3. There are several ways to go here. DataScript is JS/client side store built for triple data (modeled after Datomic) with datalog queries and a simple pull query functionality. You could also translate into a form suitable for whatever other data store you might want to use on the client. Finally, you could simply create some HTTP API endpoints which take a query, and return JSON representation of the query results (executed by Jena or whatever), and just call from the client whenever you need data. The latter most approach does come with performance costs, but can also be useful when you want to avoid loading all data on the client (for memory/bandwidth/whatever). You can also split the different and load a client store/cache dynamically using such queries. So there's a fair bit of flexibility on this side of things.

Right now, I'm sketching out what the RDF relationships might look like. I think this will be very guiding in us getting a better handle on what the work involved.

[matsen]

I'm generally on board, though I saw something in a diagram yesterday that woke me up tonight! (Though I didn't really process it at the time.)

Are you proposing taking this data model all the way down to edges on trees? Trees have their own format already, and loads of software to represent them and manipulate them. Taking the data model down to this level will mean that we'll have to rewrite all that code, for no purpose.

[metasoarous]

The diagram in question:

This is by no means a final draft, so there's plenty up for discussion here.

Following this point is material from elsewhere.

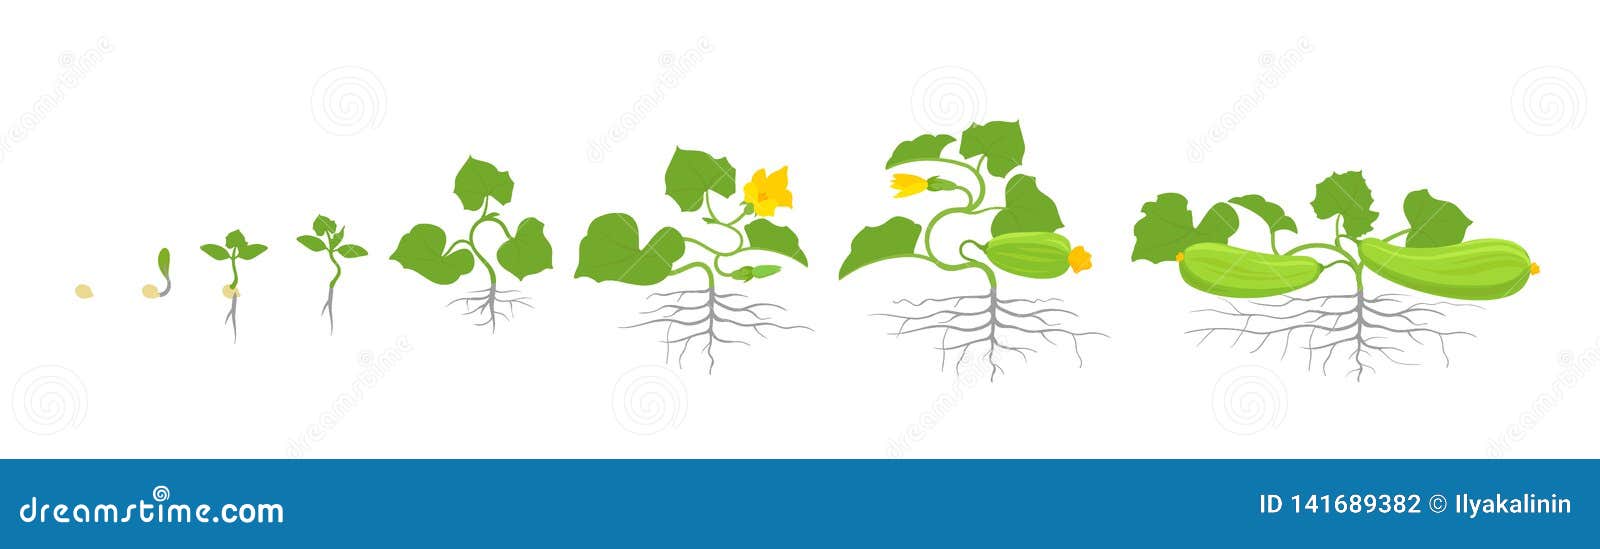 호박 성장 단계 : 호박이 얼마나 빨리 성장합니까?
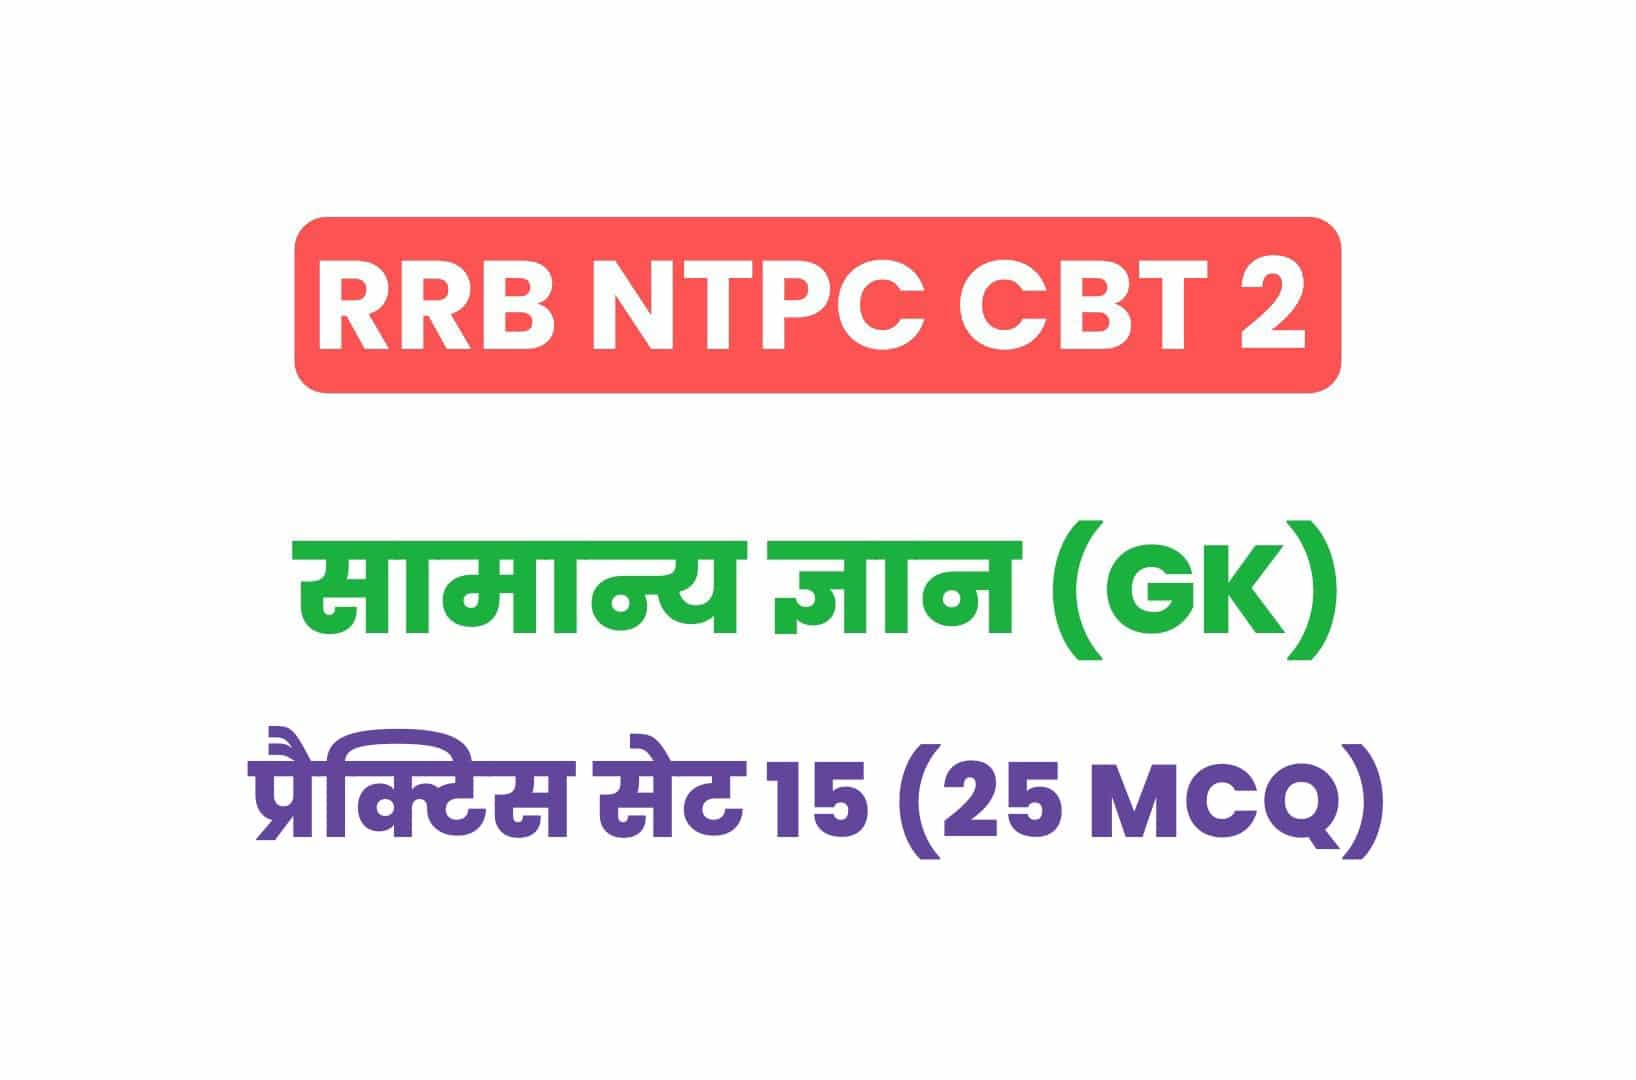 RRB NTPC CBT 2 GK प्रैक्टिस सेट 15: परीक्षा में पूछे गये सामान्य ज्ञान के 25 महत्वपूर्ण MCQ देखें

For the record though, as with Fasta vs seq-set, the model I have in mind doesn't preclude using Newick files. This is just the "ingest" structure, if you will. So folks can continue to spit out and use newick as they wish. But if someone wants to query the data as linked RDF, this is what the relational model would look like.

The reason I made edges separate is so we can directly annotate them with information (al a #2, #159 etc), rather than having to kludge around labeling nodes with edge data. Having nodes separate from edges means we can link nodes and seqs as well. I think the goal of the RDF structure is to be as general and expressive as possible to give us maximal flexibility in what we can ingest and spit out. But please let me know if you see a problem with this. Would you rather we have a simple tree.node:children attribute and store edge information on the node?

[matsen]

The flexibility is a nice advantage.

Here's a question that may clarify things. Let's say that we want to download a Newick string for a tree, which is something users will want. Will you write a function to traverse this graph and build this string? Will it work by doing recursive queries? At very least, we'll want to be careful to set up the data structures so that this sort of operation can be fast.

And here's something that may argue for your approach. We will want to have heavy and light chain trees, for which certain pairs of nodes are known to be connected.

If this plot doesn't make sense, ask @krdav , who is working on related things with Arman.

[metasoarous]

That is very cool! And yes, I see where you're going with being able to link nodes in different trees. We can certainly facilitate that. @krdav How do you presently represent (as file data) the connections between the nodes in these trees? Is it just joining on the node's name/id in separate Newick strings?

Either way we structure it (with nodes and edges or nodes and children), there's an easy to construct pull query that can grab the required data efficiently (in one pass), returning nested dictionaries that could be quickly traversed into a newick string. And while I think it might be nice to be able to dynamically construct these representations, we can also simply retain the filename or input Newick string as an attribute of the tree entity for pre-compiled access. In short, I'm not worried about performance.

[krdav]

We don't have an elegant way of dealing with this but for the reference you can look at this: pairs.tree.txt

The node name is the native chain (VH in this case) and heavy-light.pair is the corresponding pair.

[metasoarous]

There may be ongoing extension of the data model, but as of merge c38da0a all of our data is in this RDF/tripl format!